* EXERCISE PROMPT *
Below are records with pictures in them. Transcribe everything from the line containing "Einhell adaptateur male R3/8 IG Raccords" down to the line containing "Turquoise anodized aluminum", exactly, and leave the pictures behind.

* DATA FOR THE TASK *
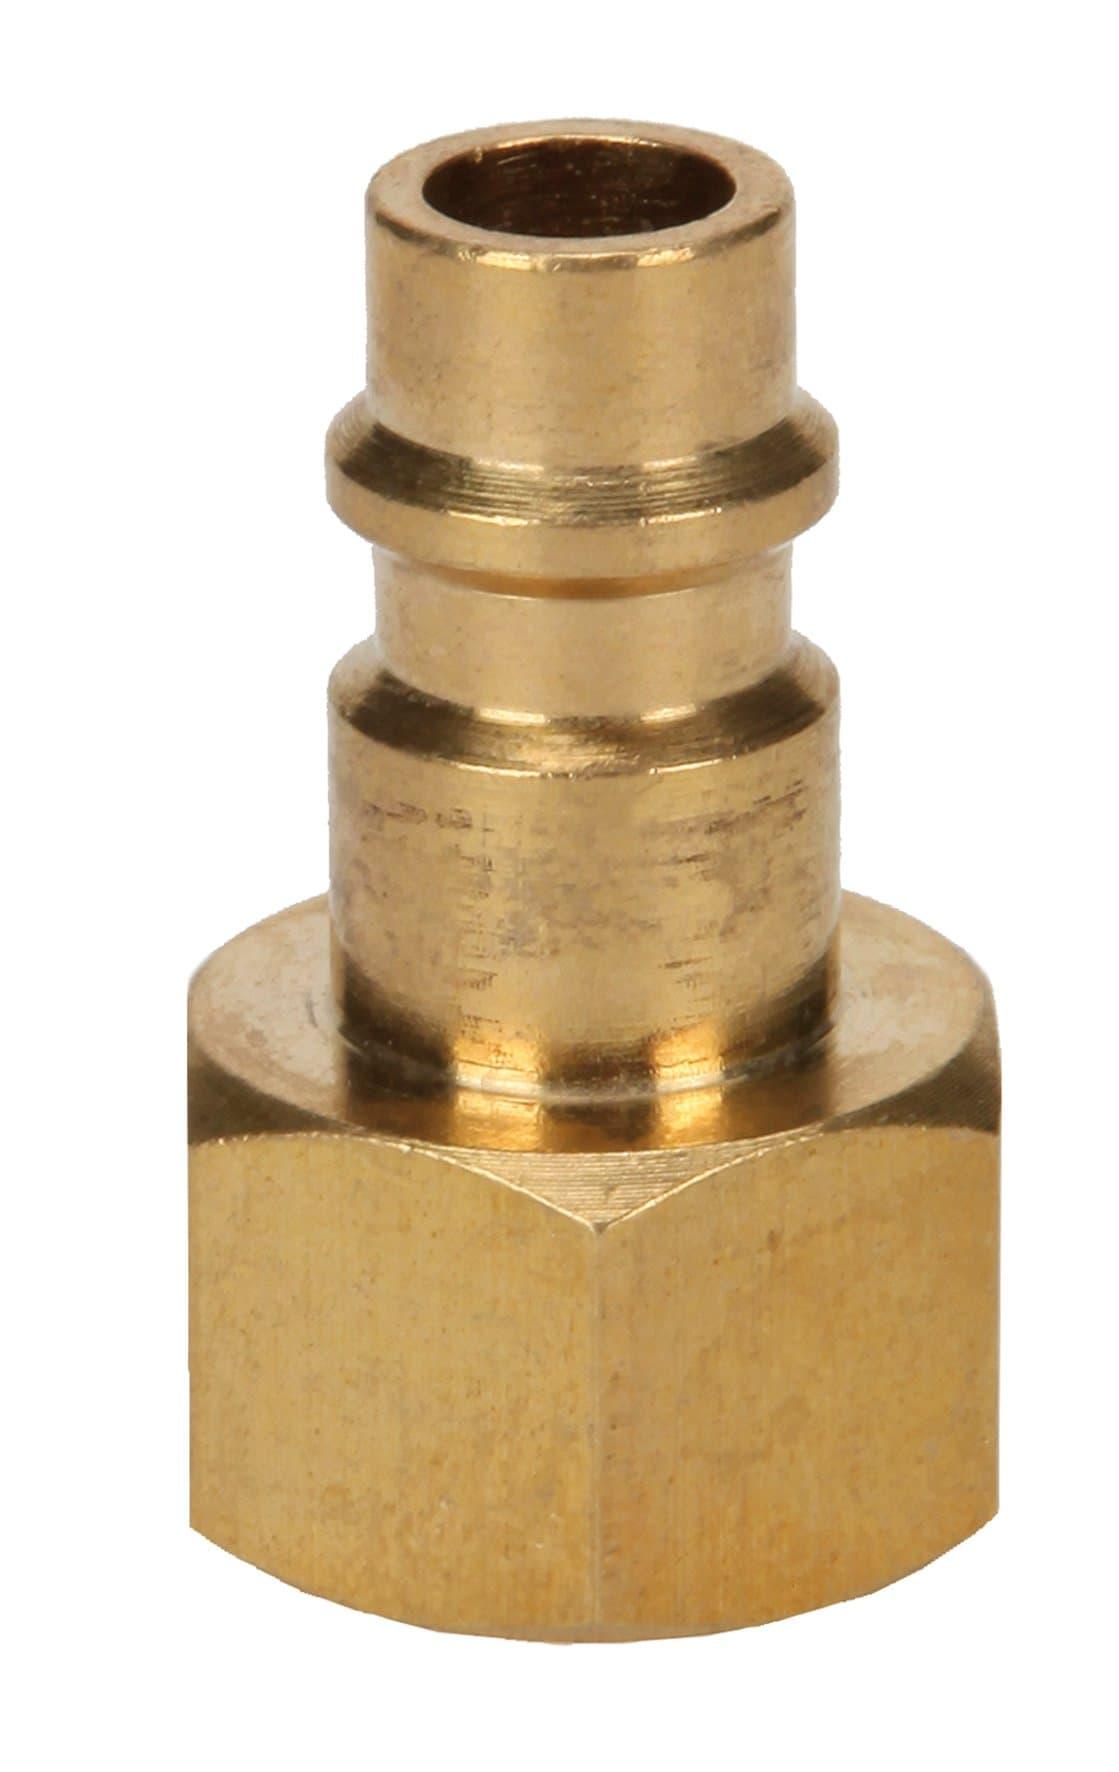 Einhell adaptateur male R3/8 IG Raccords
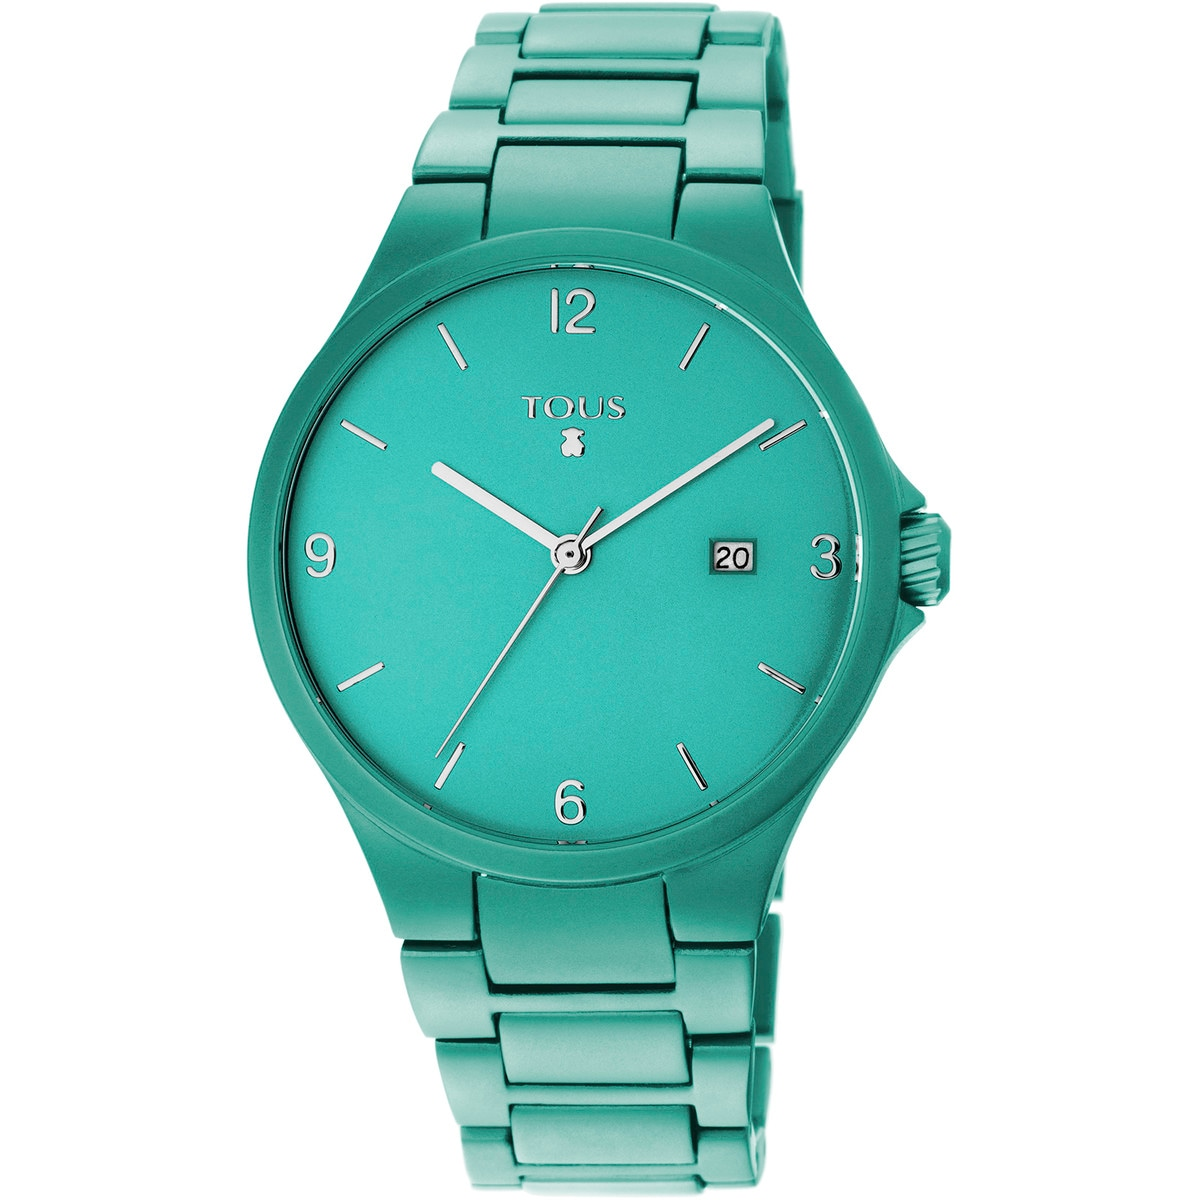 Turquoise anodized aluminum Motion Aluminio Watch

==

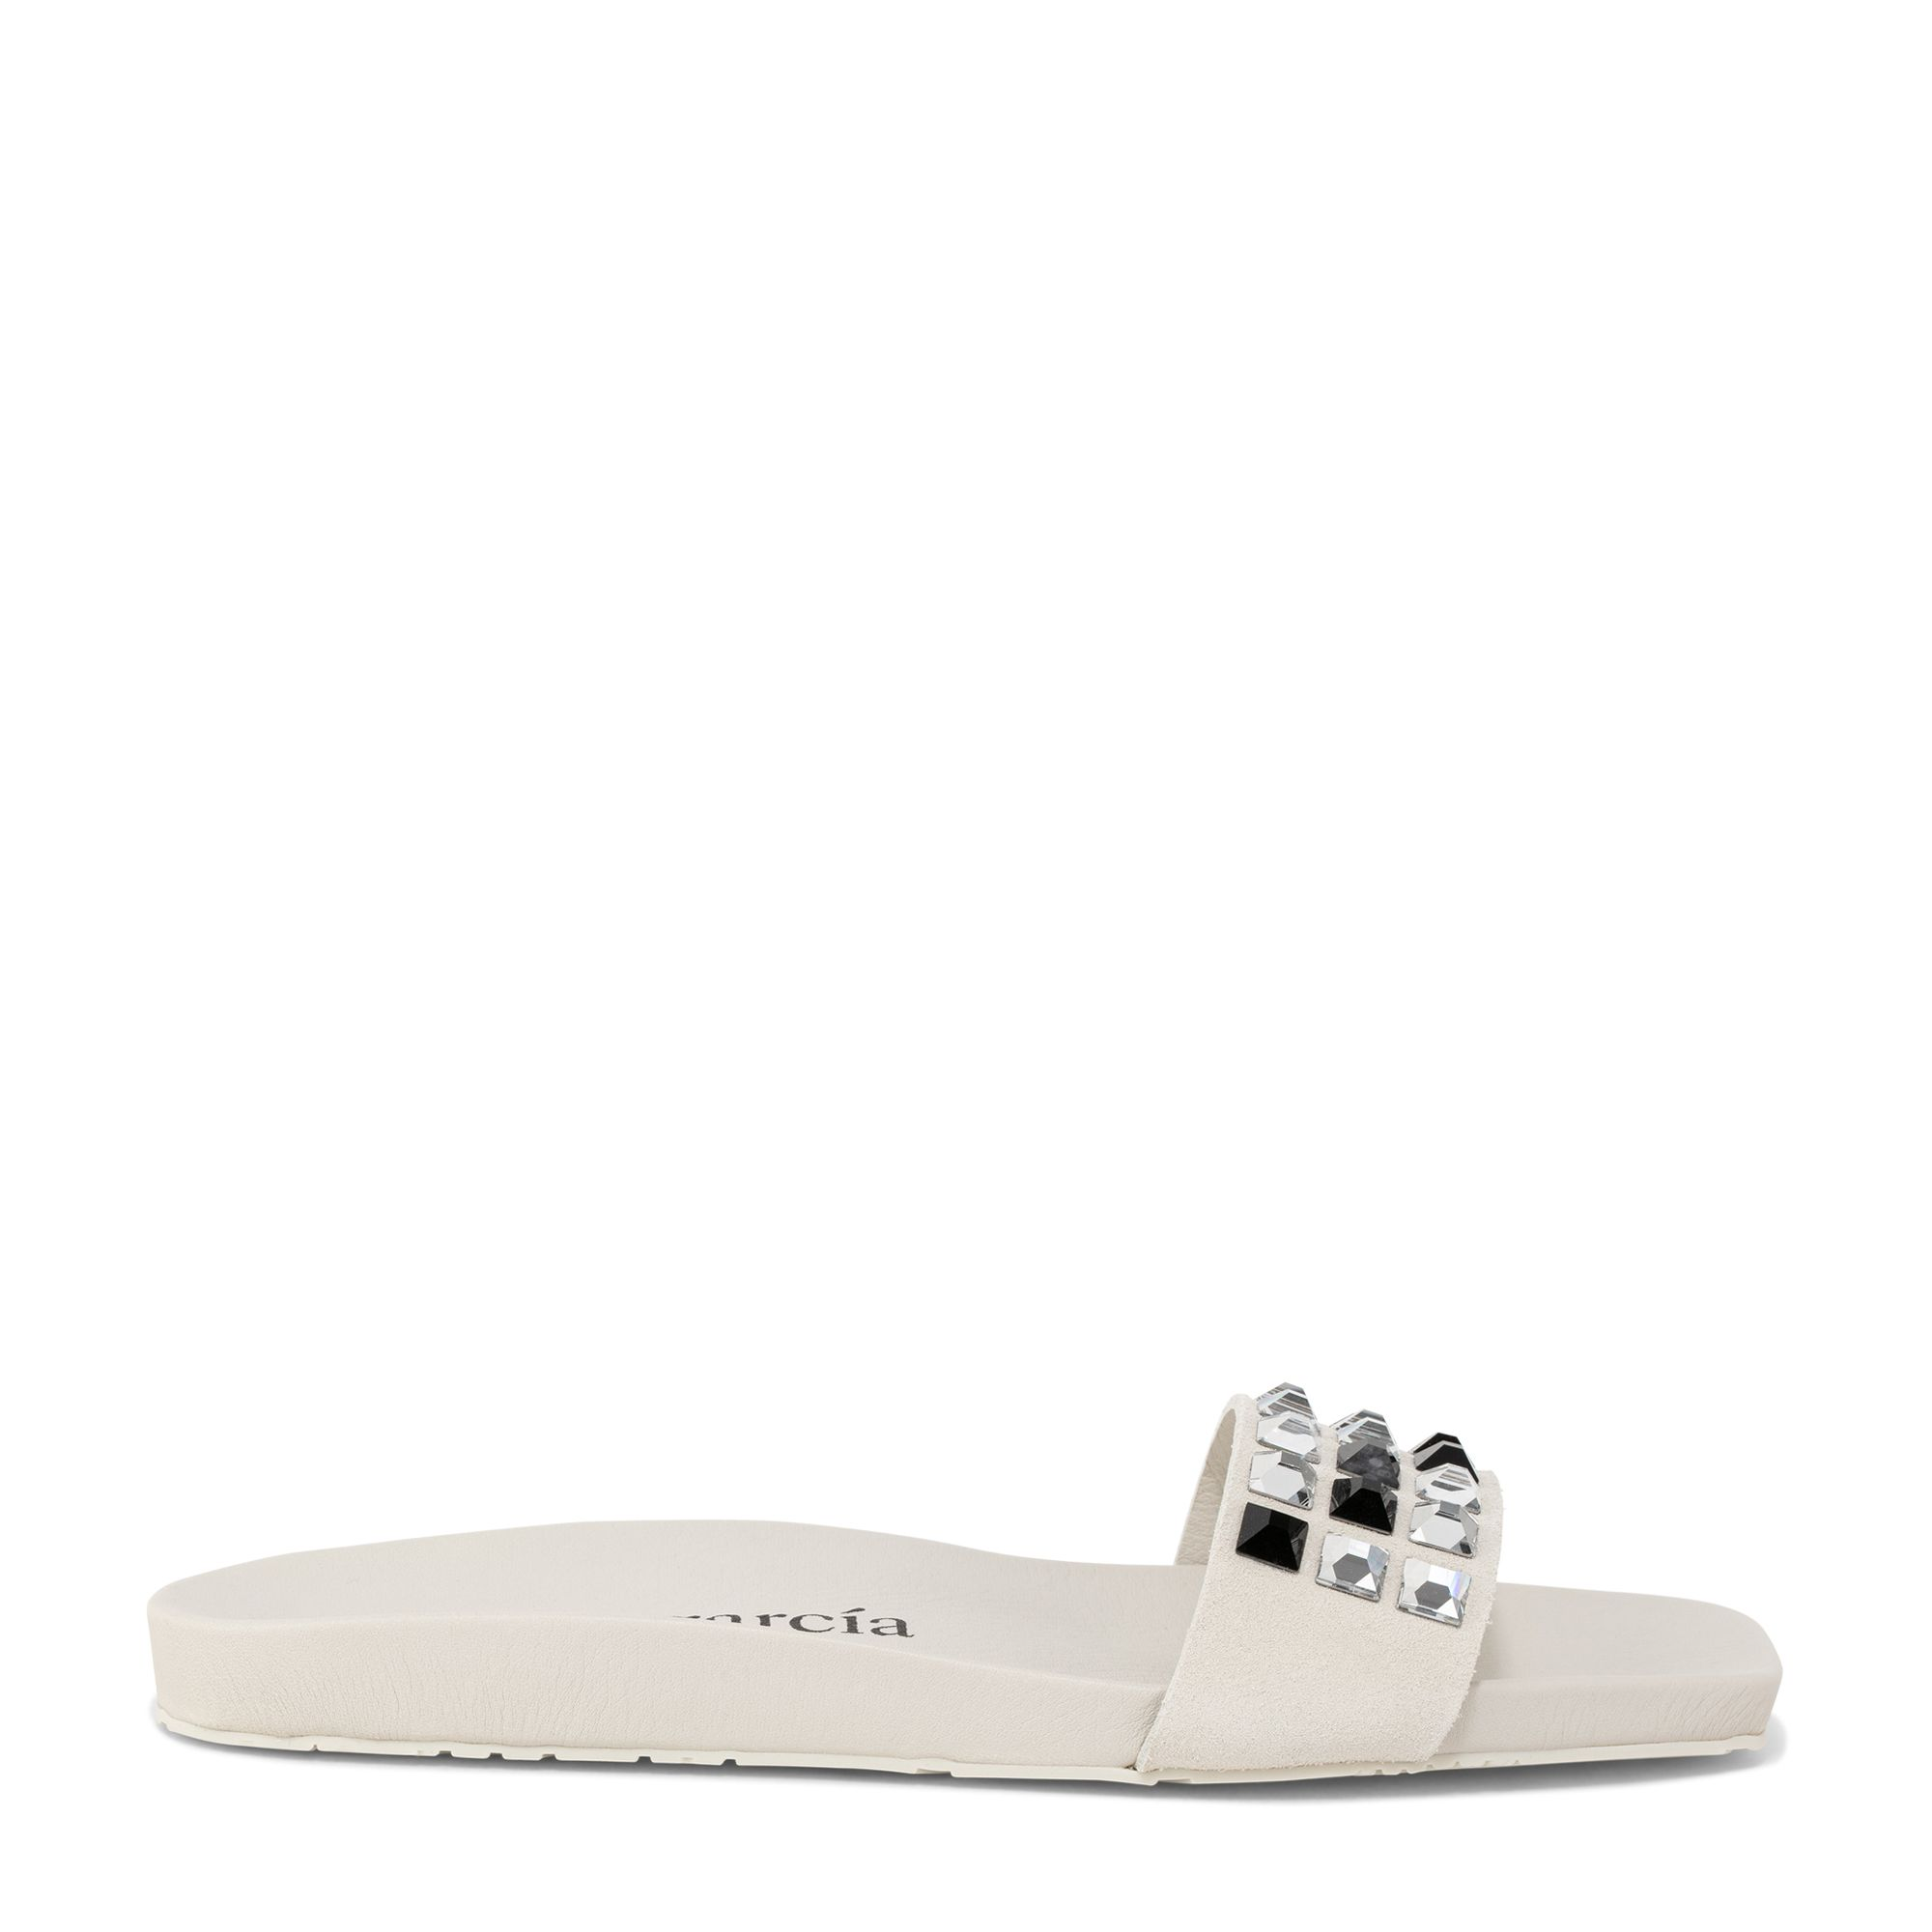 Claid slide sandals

--

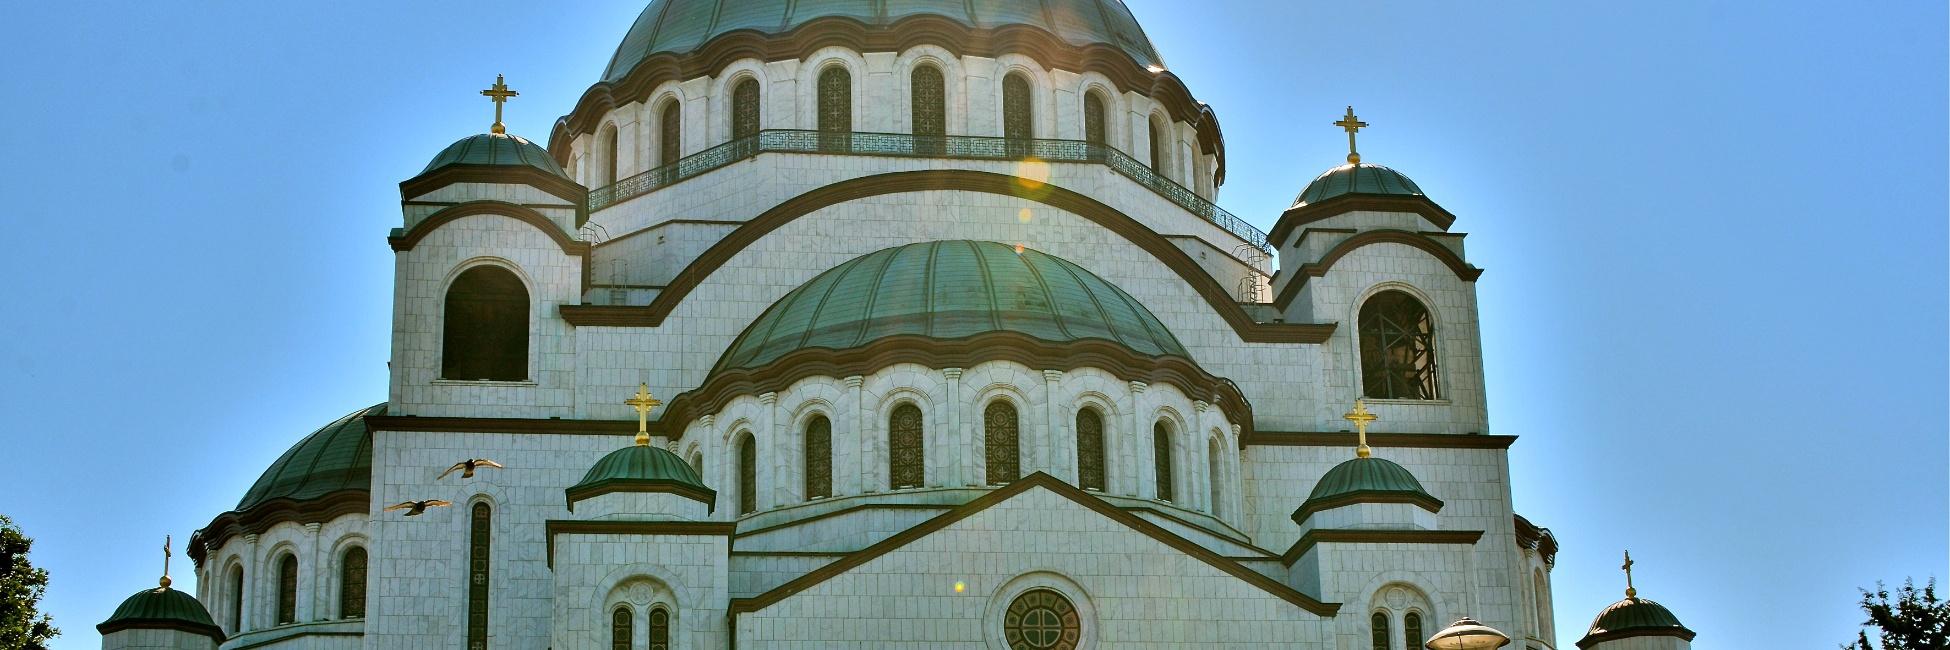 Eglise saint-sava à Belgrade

* THE ANSWER *
 Einhell adaptateur male R3/8 IG Raccords
 Turquoise anodized aluminum Motion Aluminio Watch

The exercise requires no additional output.